Autoimmune atrophic gastritis (AAG) is characterized by an immunologically-driven destruction of gastric glands leading to atrophy of corporal oxyntic mucosa with consequent reduced gastric acid secretion and increased gastrin levels. In AAG, gastric cancer (GC) risk is increased. The altered intra-gastric milieu may lead to an altered composition of gastric microbiota, possibly having a role in gastric carcinogenesis, but data are conflicting. Parietal cell autoantibodies (PCA) are used to screen patients with other autoimmune disorders for AAG, albeit data on reliability are lacking. Recent European guidelines include AAG as condition to be monitored for GC. In AAG with PA an association with extra-gastric tumours was described. To quantity the risk of AAG patients of developing gastric or extragastric malignancies and to find out risk factors would be important to optimize surveillance. Pseudopyloric metaplasia, in particular spasmolytic-polypeptide expressing metaplasia (SPEM) has been linked to gastric cancerogenesis, its role in AAG patients has not been addressed so far.
This project is composed of four parts:
1. To investigate in patients with AAG the role of dysbiosis of the gastric microbiota as possible risk factor for development of gastric neoplastic/preneoplastic lesions
2. To investigate in a cohort of AAG patients stratified according to risk groups the occurrence of gastric malignancies when monitored by gastroscopy/histology at 3 year-intervals and to assess the risk of extra-gastric malignancies.
3. To investigate the occurrence of gastric autoantibodies against parietal cells in patients with high clinical suspicion of AAG to assess diagnostic performance as serological markers
4.To investigate in a cohort of patients with AAG the occurrence of gastric SPEM and its role as possible predictor associated with potential development of neoplastic complications.
1. During the last 25 years, the research group has built a cohort of patients with Hp-atrophic gastritis, AAG, and PA whose demographical, clinical, serological and histological data are registered in a database.
2. The research group is composed of gastroenterologists, endoscopists and biochemists with specific clinical and laboratory expertise in the field of gastric pre- and neoplastic lesions as well as autoimmunity, and it is part of national and international research networks on this research topics.

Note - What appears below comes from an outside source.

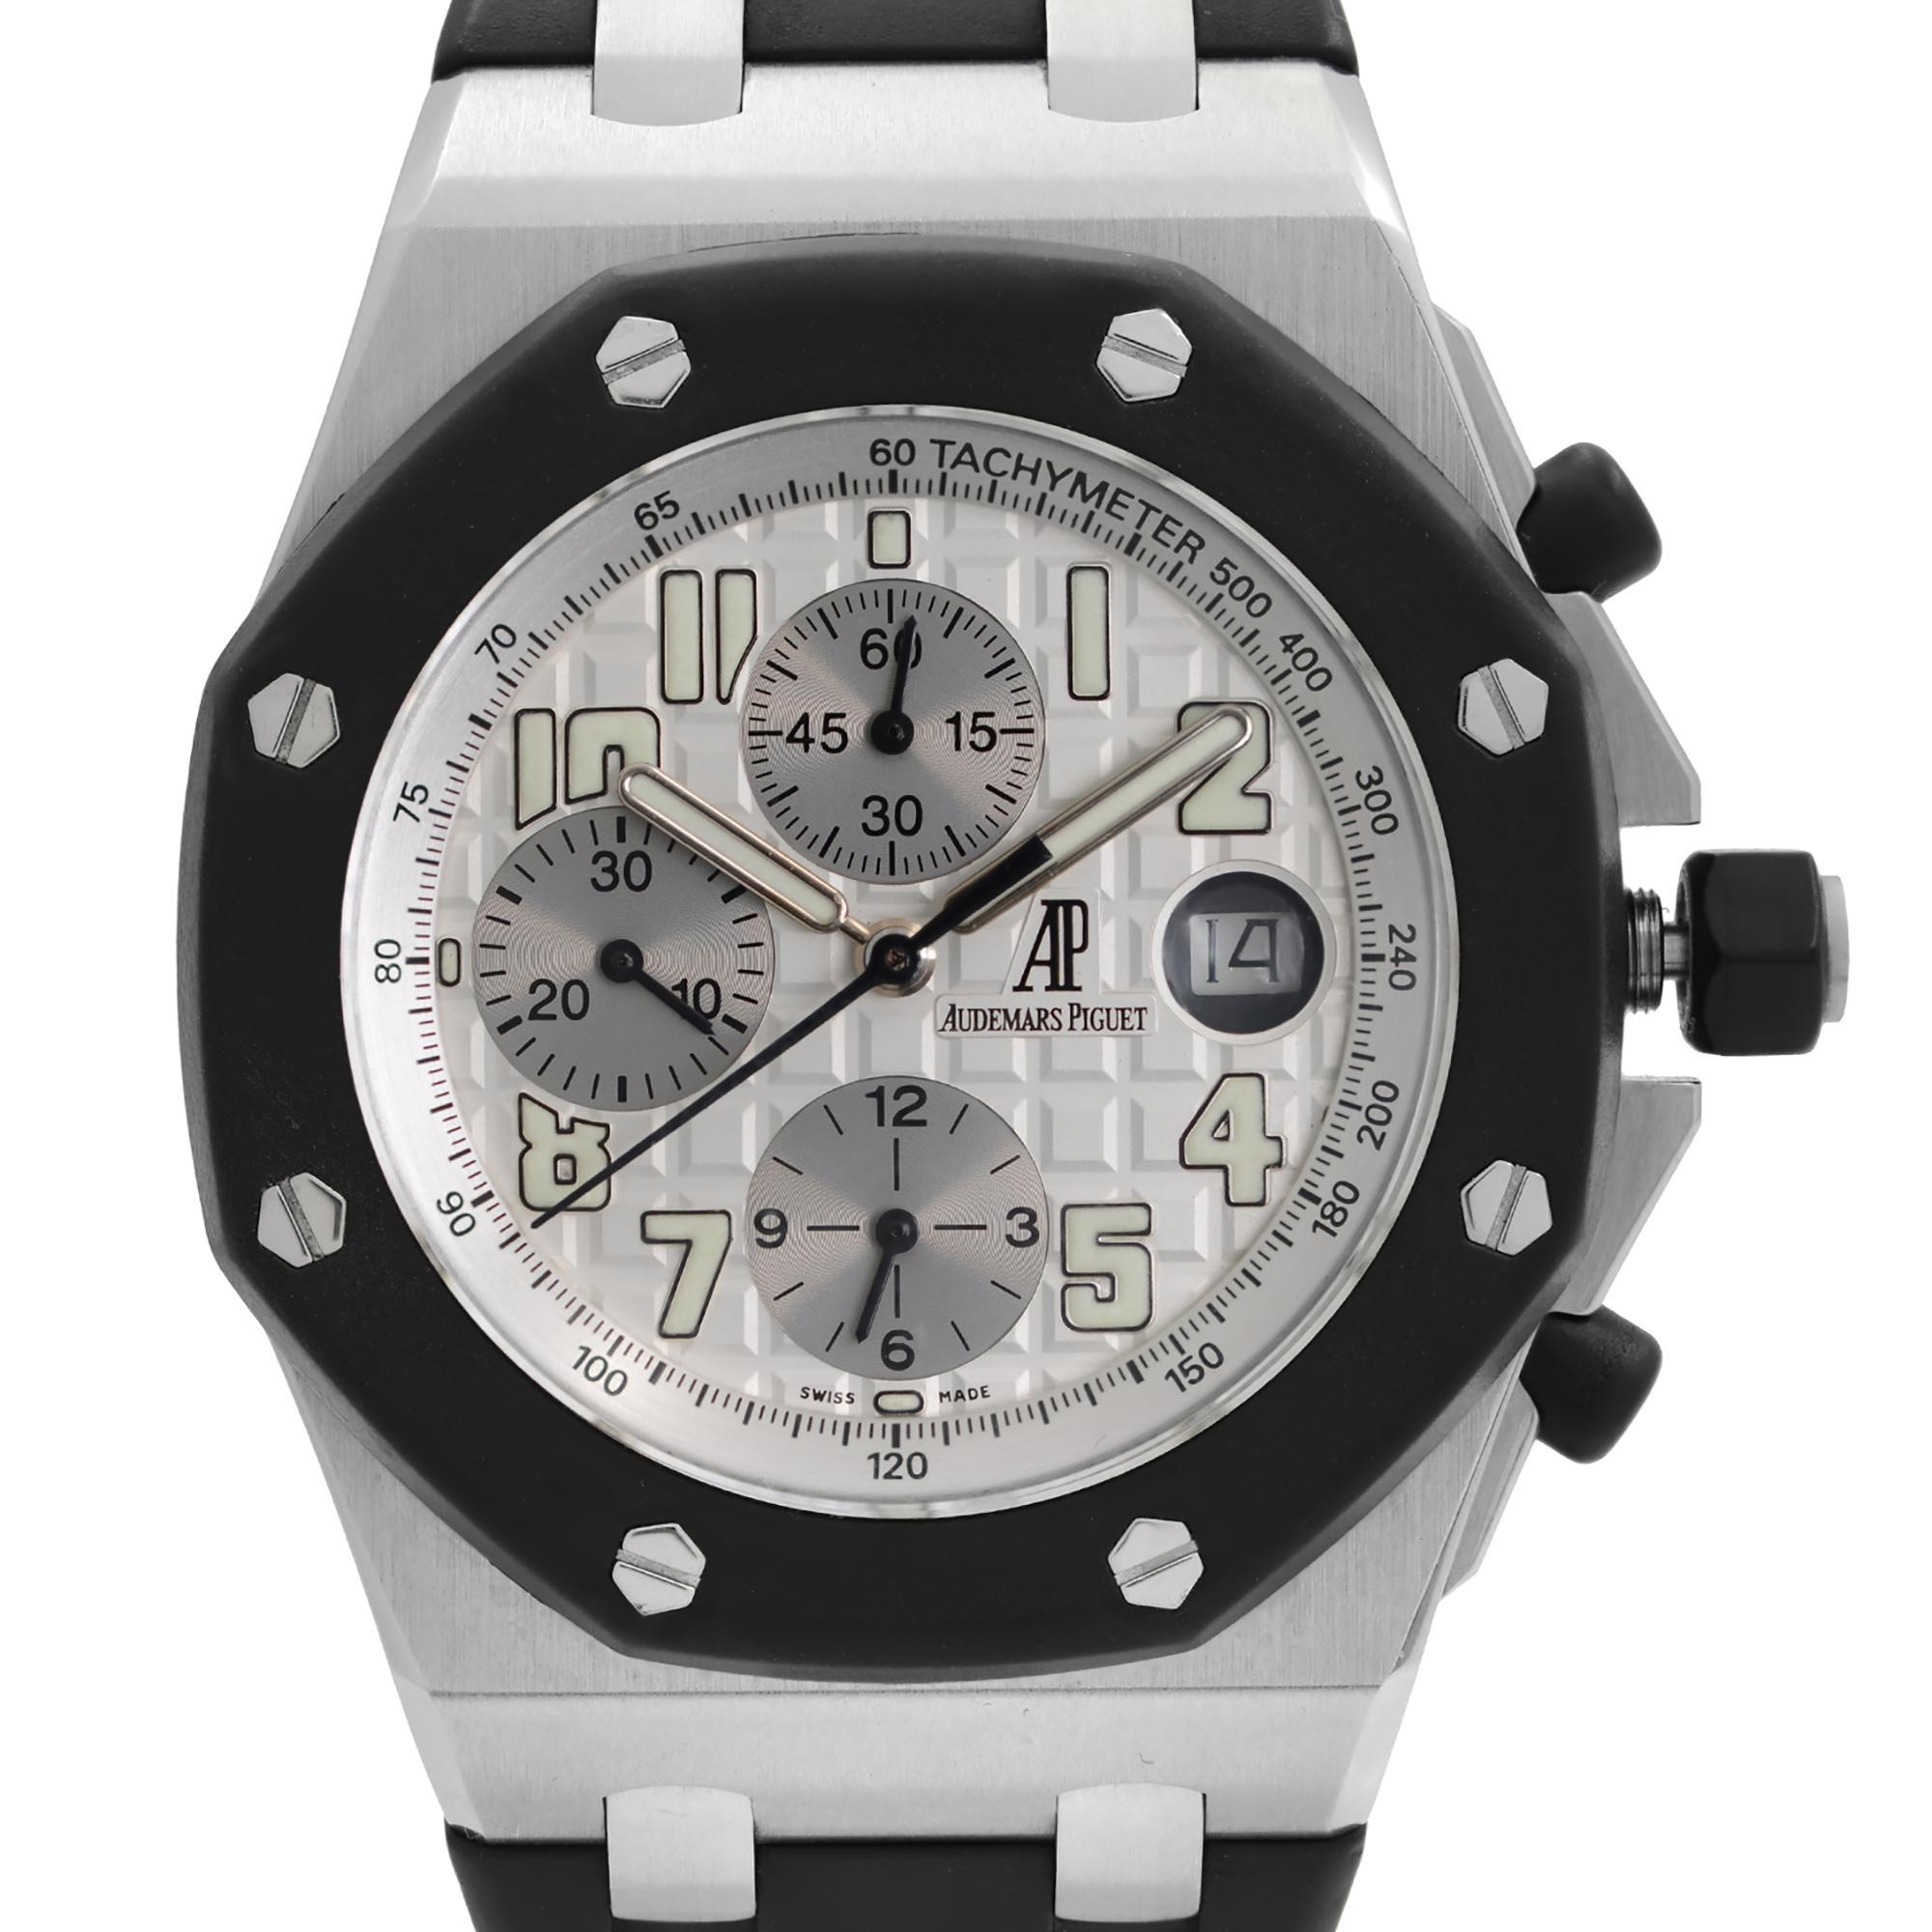 Pre-owned Audemars Piguet Royal Oak Offshore 42mm Rubberclad Steel Chronograph Silver Dial Automatic Men's Watch25940SK.OO.D002CA.02. This Beautiful Timepiece is Powered by Mechanical (Automatic) Movement Features: Stainless Steel Case with a Black

3. The participants form together a solid research group with a specific scientific background in this specific research field of atrophic gastritis, AAG, PA and gastric pre- and neoplastic lesions, whose projects have been granted by University Sapienza in the last 15 years.
The realization of the single parts of this project may contribute to advance of knowledge in the specific topic of AAG as the following results may be expected:
1. To investigate in patients with AAG the role of dysbiosis of the gastric microbiota as a possible risk factor for the development of gastric neoplastic and preneoplastic lesions in order to provide new insights into the increased neoplastic risk of these patients and to possibly open the way for new developable strategies to prevent this long-term malignant complication
EXPECTED RESULTS: to understand the role of the gastric microbiota composition in the risk of developing gastric neoplasms in patients with AAG or PA, eventually opening new perspectives of prevention by treatments able to modulate the gastric microbiota.
2. To investigate in a cohort of AAG patients stratified according to risk groups (presence of pernicious or iron-deficiency anemia, family history of gastric cancer) the occurrence of gastric malignant complications when monitored by gastroscopy/histology at 3 year-intervals according to European guidelines (MAPS), and to assess in the same cohort the associated risk of extra-gastric malignant complications.
EXPECTED RESULTS: to validate the proposed time interval of three years for endoscopic/histologic surveillance in AAG patients; to quantify the risk of patients with AAG to develop malignancies in other parts of the body and to find out eventual risk factors for developing these extra-gastric malignancies; this would be important as the confirmed risk of extra-gastric malignancies in AAG patients might justify a surveillance also of some specific organ or body district, at least in high-risk subgroups.
3. To investigate the occurrence of gastric autoantibodies against parietal cells in patients with high clinical suspicion of AAG to assess their diagnostic performance (together with serum pepsinogen I) as serological preendoscopic markers of AAG for a potential application in a case-finding strategy in possible high-risk groups.
EXPECTED RESULTS: to understand the role of serological autoantibodies against the proton pump of parietal cell as screening tool for AAG and its reliability for diagnostic use. A reliable serological marker for the presence of gastric body atrophy, a condition at increased risk for gastric neoplasms, may be useful as it could be easily used in large settings and positive patients should undergo gastroscopy in order to rule out possible neoplasms associated with AAG.
4.To investigate in a cohort of patients with AAG the occurrence of gastric pseudopyloric metaplasia (SPEM) and its role as possible predictor associated with potential neoplastic complications in order to provide insights into progressive AAG unrelated to known and currently used staging systems (OLGA/OLGIM).
EXPECTED RESULTS: to understand the role of pseudopyloric metaplasia in AAG patients at risk for gastric malignancies, which may eventually explain neoplastic complications of AAG patients not linked to high-risk OLGA/OLGIM stages.